In late 1970's, two DNA sequencing techniques for longer DNA molecules were invented. These were the Sanger (or dideoxy) method and the Maxam-Gilbert (chemical cleavage) method. The Maxam-Gilbert method is based on nucleotide-specfic cleavage by chemicals and is best used to sequence oligonucleotides (short nucleotide polymers, usually smaller than 50 base-pairs in length). The Sanger method is more commonly used because it has been proven technically easier to apply and with the advent of PCR and automation of the technique is easily applied to long strands of DNA including some entire genes. This technique is based on chain termination by dideoxy nucleotides during PCR elongation reactions. In the Sanger method, the DNA strand to be analyzed is used as a template and DNA polymerase is used, in a PCR reaction to generate complimentary strands using primers. Four different PCR reaction mixtures are prepared each containing a certain percentage of dideoxynucleoside triphosphate (ddNTP) analogs to one of the four nucleotides (ATP, CTP, GTP or TTP). Synthesis of the new DNA strand continues until one of these analogs is incorporated, at which time the strand is prematurely truncated. Each PCR reaction will end up containing a mixture of different lengths of DNA strands all ending with the nucleotide that was dideoxy labeled for that reaction. Gel electrophoresis is then used to separate the strands of the four reactions in four separate lanes and determine the sequence of the original template based on what lengths of strands end with what nucleotide. In the automated Sanger reaction, primers are used that are labeled with four different coloured fluorescent tags. PCR reactions, in the presence of the different dideoxy nucleotides, are performed as described above. However, next, the four reaction mixtures

are then combined and applied to a single lane of a gel. The colour of each fragment is detected using a laser beam and the information is collected by a computer which generates chromatograms showing peaks for each colour, from which the template DNA sequence can be determined. Basic Local Alignment Search Tool (BLAST) is an algorithm for comparing primary biological sequence information, such as the amino-acid sequences of different proteins or the nucleotides of DNA sequences.

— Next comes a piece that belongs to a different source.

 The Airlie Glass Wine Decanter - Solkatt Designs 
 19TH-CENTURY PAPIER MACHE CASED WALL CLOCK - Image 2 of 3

A BLAST search enables a researcher to compare a query sequence with a library or database of sequences and identify library sequences that resemble the query sequence above a certain threshold. This is the most frequently used tool for calculating sequence similarity. The BLAST algorithm and the computer program that implements it were developed by Stephen Altschul, Warren Gish, David Lipman at the U.S. National Center for Biotechnology Information (NCBI), Webb Miller at the Pennsylvania State University, and Gene Myers at the University of Arizona The comparison of nucleotide or protein sequences from the same or different organisms is a very powerful tool in molecular biology. By finding similarities between sequences, scientists can infer the function of newly sequenced genes, predict new members of gene families, and explore evolutionary relationships. Now that whole genomes are being sequenced, sequence similarity searching can be used to predict the location and function of protein-coding and transcription-regulation regions in genomic DNA. During the past five years many genomes have become searchable and the sequences in those databases are typically long chromosomes. Besides many long nucleotide sequences have been added to the BLAST databases as a result of highthroughput genomic projects. Previosly, sequences in the BLAST database have been associated with only one descriptive phrase that is normally the same as the definition in the GenBank flat file. This means that only very generic information is provided for matches to long database sequences even though such a sequence might have annotations for many genes, coding regions (CDS) and other features. Now we BLAST its very convinient for researchers in Bioinformatic and Biotechnology fields.